A Cavalier History of Surrealism
Raoul Vaneigem (J-F Dupris)
translated by Donald Nicholson Smith
AK Press
1977 (eng translation: 1999)
131 pages

Raoul Vaneigem is perhaps the second best known member of the Situationist International, a small group of French (for the most part) radical philosophers and artists who, along with a number of student leaders such as Daniel Cohn-Bendit, were at the centre of the May ‘68 uprisings in that country.  Vaneigem is the author of The Revolution of Everyday Life, which, along with The Society of the Spectacle, is one of the major texts of the SI.

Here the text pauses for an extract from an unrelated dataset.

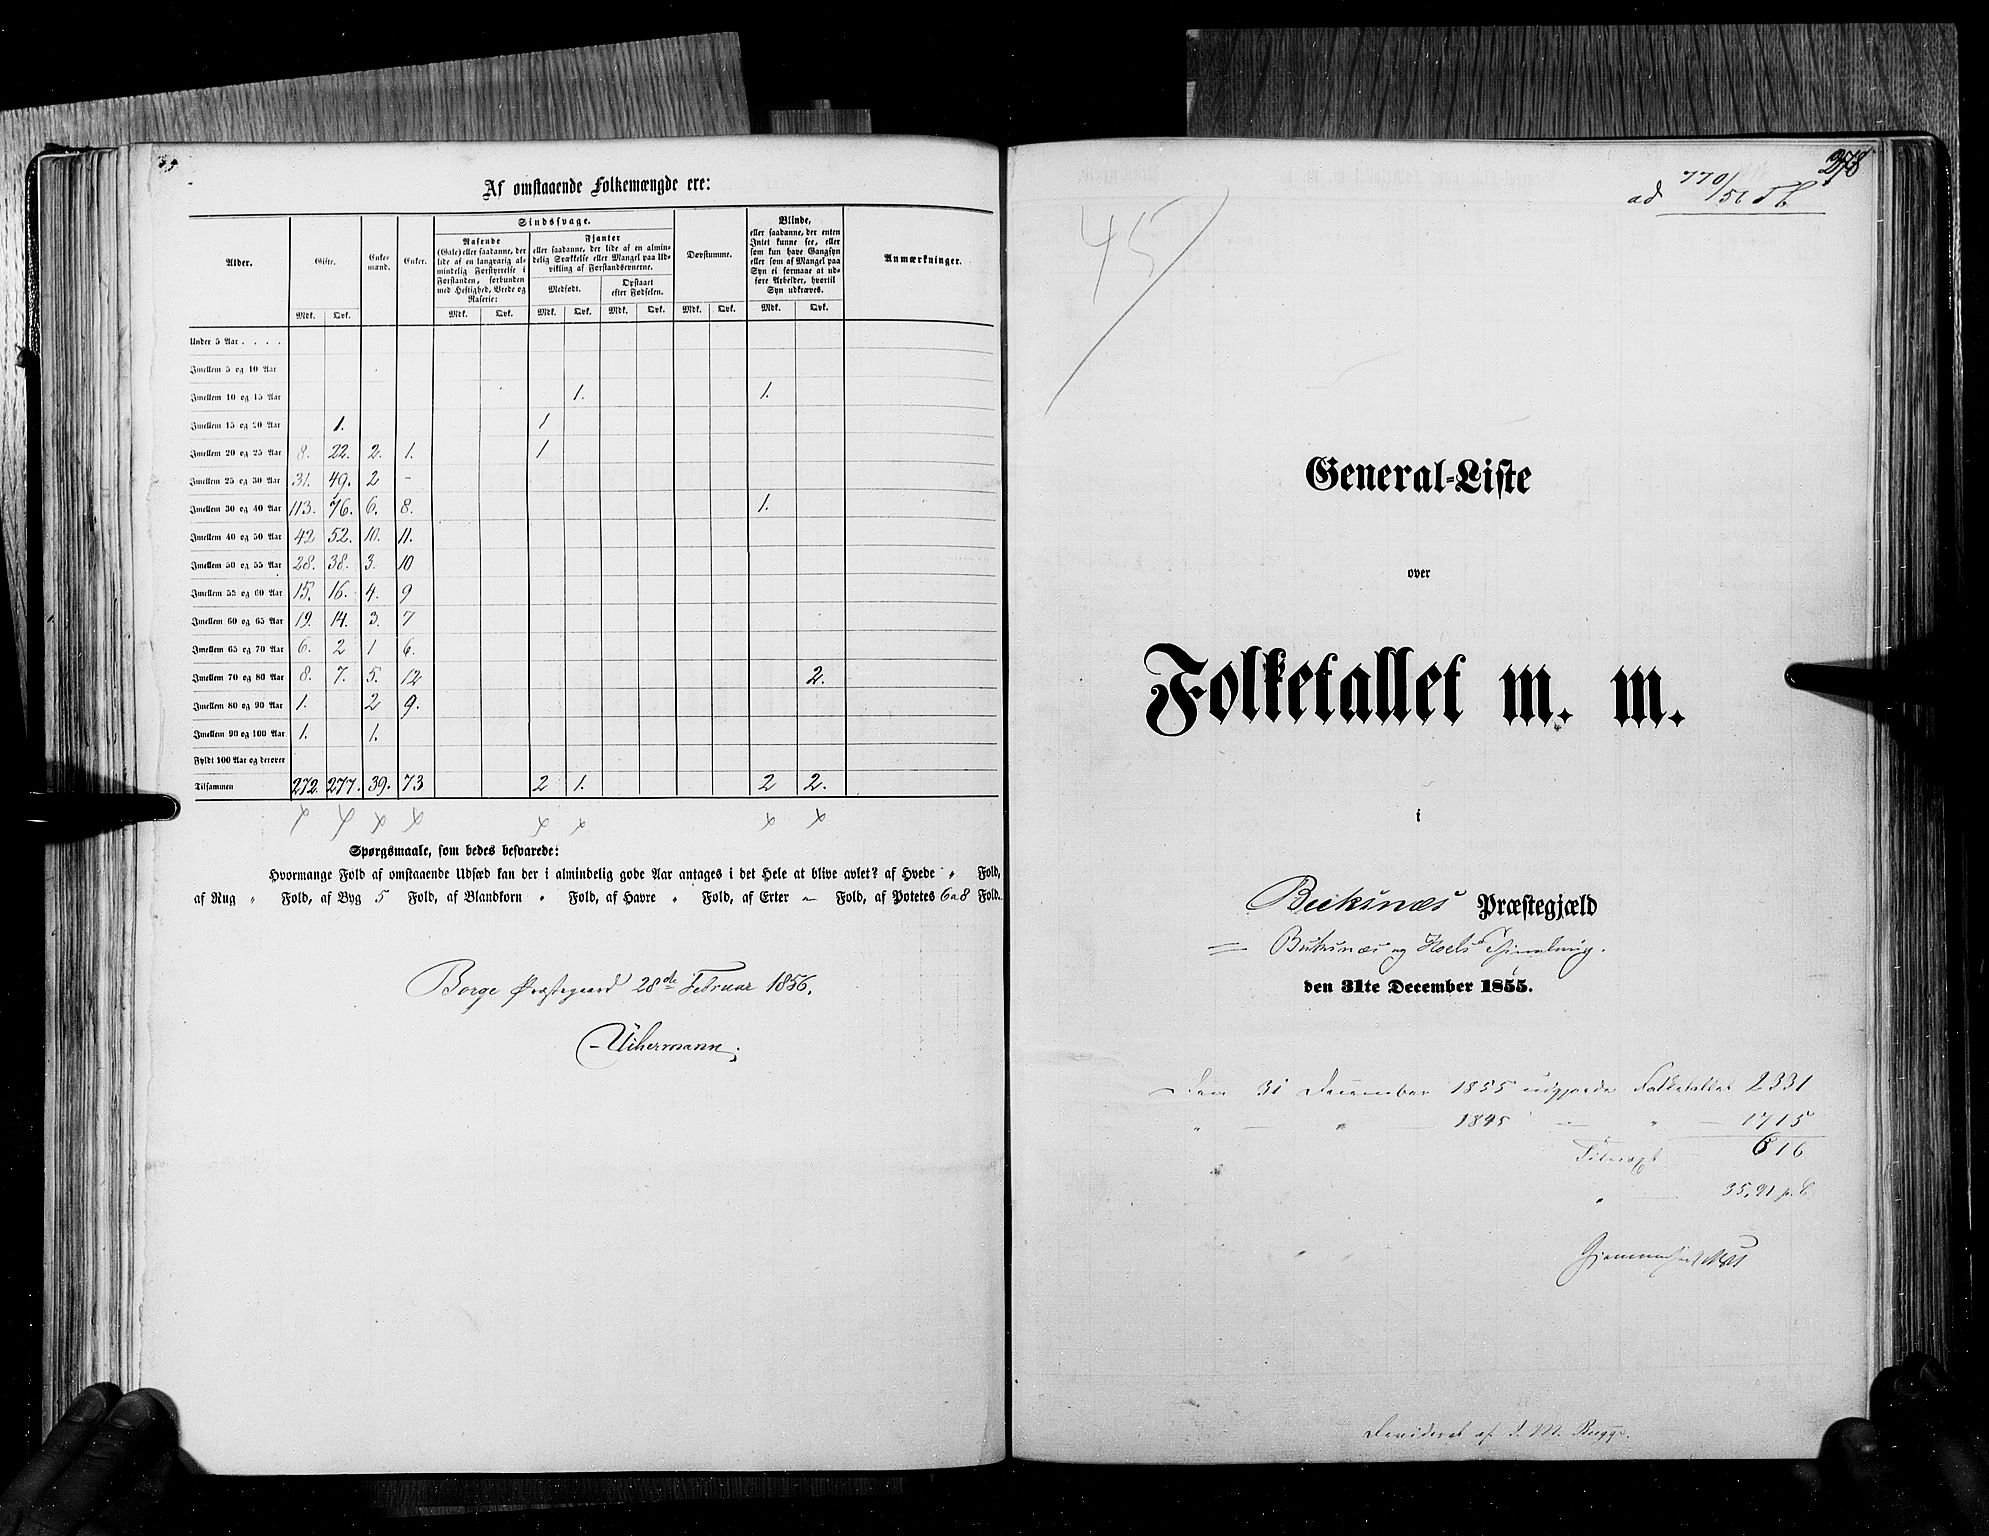 RA, Folketellingen 1855, bind 6B: Nordland amt og Finnmarken amt, 1855, s. 278

A Cavalier History of Surrealism is not so much a history, as it is a critique of the Surrealist movement. While it does move through discussions of the different phases that the Surrealist movement had taken in its thirty years, Vaneigem criticizes the movement as being inferior to its immediate historical predecessor, Dada. Vaneigem is especially critical of the Surrealist turn towards Communism which went as far as involving an official affiliation with the Communist Party that attempted to mandate Surrealist activities, and also a later turn towards mysticism/occultism. Surrealism is so often identified by artists, critics, and art historians as Dada all grown up that it is exciting for someone like me (who’s far more enthusiastic about the Dada movement) to see a well known revolutionary theorist praise the earlier art movement above the latter.



I should note that Vaneigem's SI Comrade Guy Debord was critical of both Surrealism and Dada. Debord saw both groups as characterized by a failure to give their artistic revolutions any relevance to life as it was actually lived by people.